1.1.1 Summary
In the development process, we occasionally encounter system performance bottlenecks, which can cause a lot of reasons, may be the code is not efficient, may be hardware or network problems, but also may be the problem of database design.
This blog post will be for some common database performance lieu methods, and, in order to write efficient SQL code, we need to master some basic code optimization techniques, so we will be introduced from some basic optimization techniques.
This article directory
Problems in the Code
Database performance Overhead
Using Stored Procedures
Using Database transactions
Using SqlBulkCopy
Using table Parameters
1.1.2 Body
Let's say we're designing a blog system that contains a user table that stores information such as the user's account name, password, display name, and registration date.
Because of the time, we have designed the user table, which includes the account name, password (note: There is no consideration of the privacy of the encrypted storage), display name and registration date, etc., specifically designed as follows:
Copy Code code as follows:
-- =============================================
--Author:jkhuang
--Create date:7/8/2012
--Description:a table stores the user information.
-- =============================================
CREATE TABLE [dbo]. [Jk_users] (
--This is the reference to Users table and it is primary key.
[ID] [bigint] IDENTITY (1,1) not NULL,
[User_login] [varchar] (a) Not NULL,
[User_pass] [varchar] () not NULL,
[User_nicename] [varchar] () not NULL,
[User_email] [varchar] (MB) Not NULL,
[User_url] [varchar] (MB) Not NULL,
--This field get the default from function GETDATE ().
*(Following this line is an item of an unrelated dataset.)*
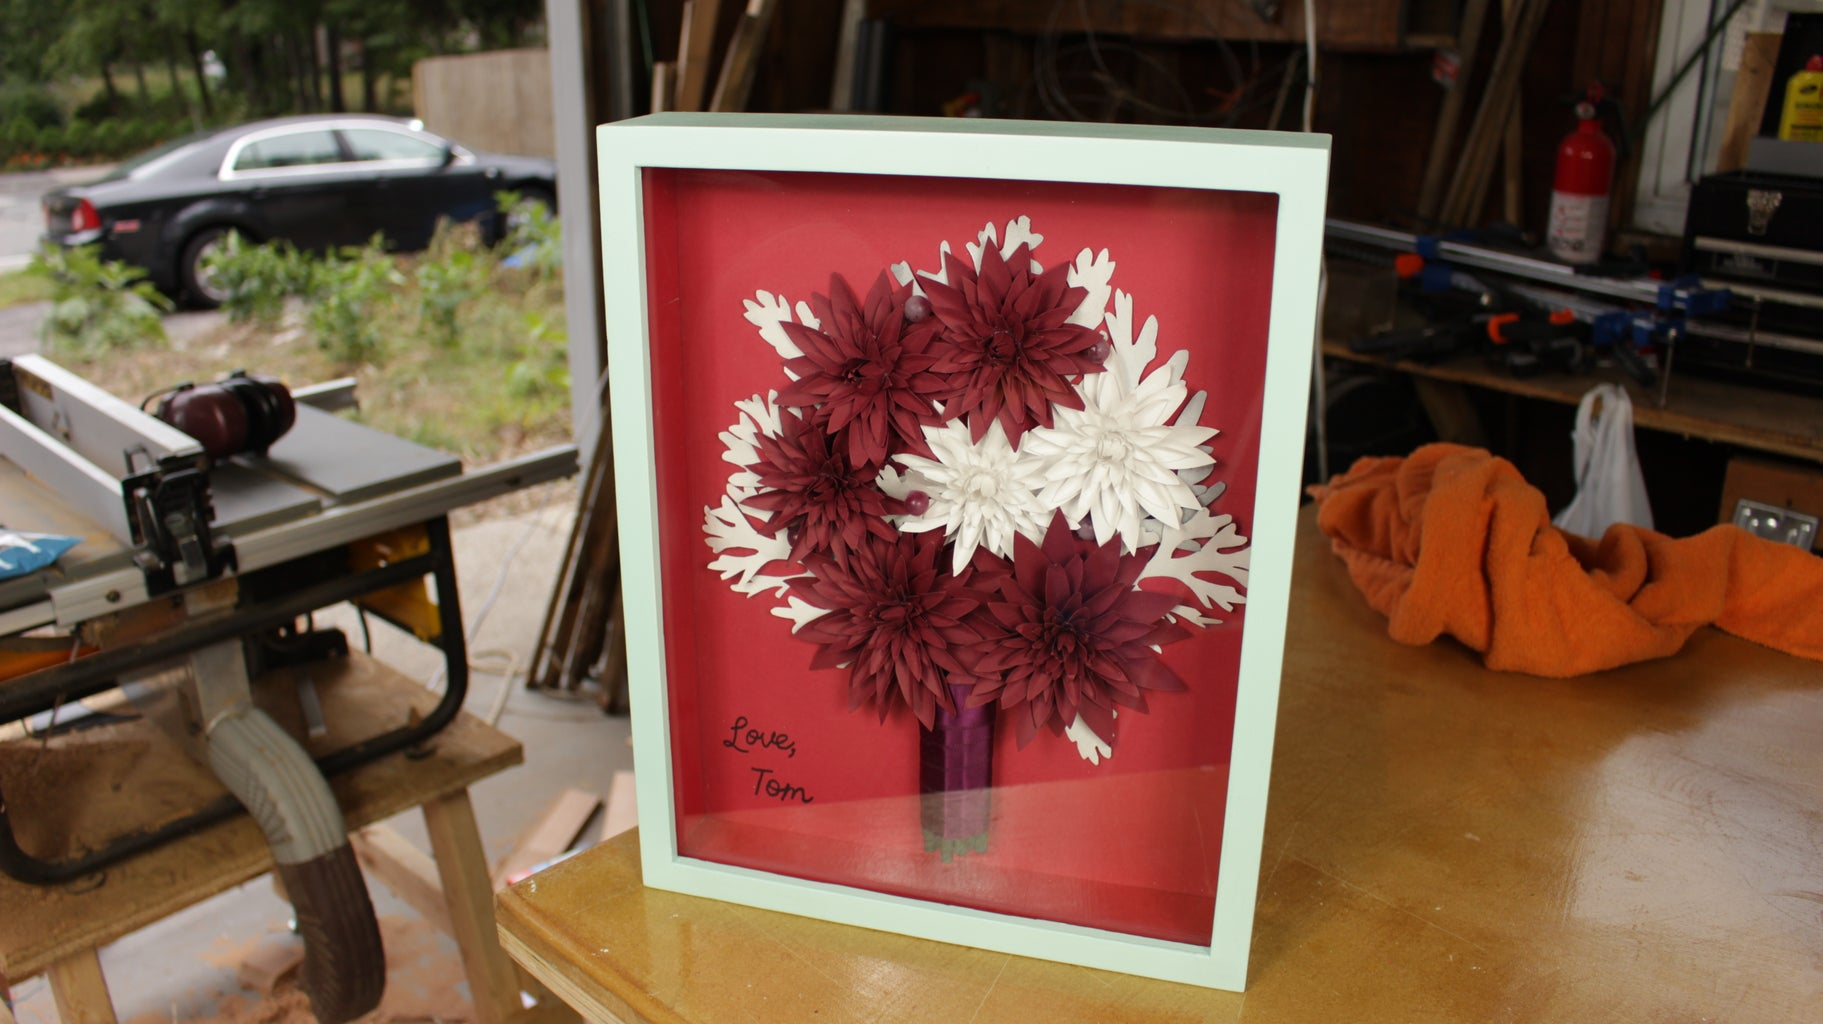 Classic 1st Anniversary Gift, Paper Flowers

[User_registered] [DateTime] Not NULL CONSTRAINT [df_jk_users_user_registered] DEFAULT (getdate ()),
[User_activation_key] [varchar] (a) Not NULL,
[User_status] [INT] Not NULL CONSTRAINT [Df_jk_users_user_status] DEFAULT ((0)),
[Display_name] [varchar] () Not NULL
)
Figure 1 The Users table design
Above, we define the users table, which contains 10 fields such as account name, password, display name, and registration date, where ID is an user_resistered primary key, which is used to record the user's registration time, and it sets the default value GETDATE ().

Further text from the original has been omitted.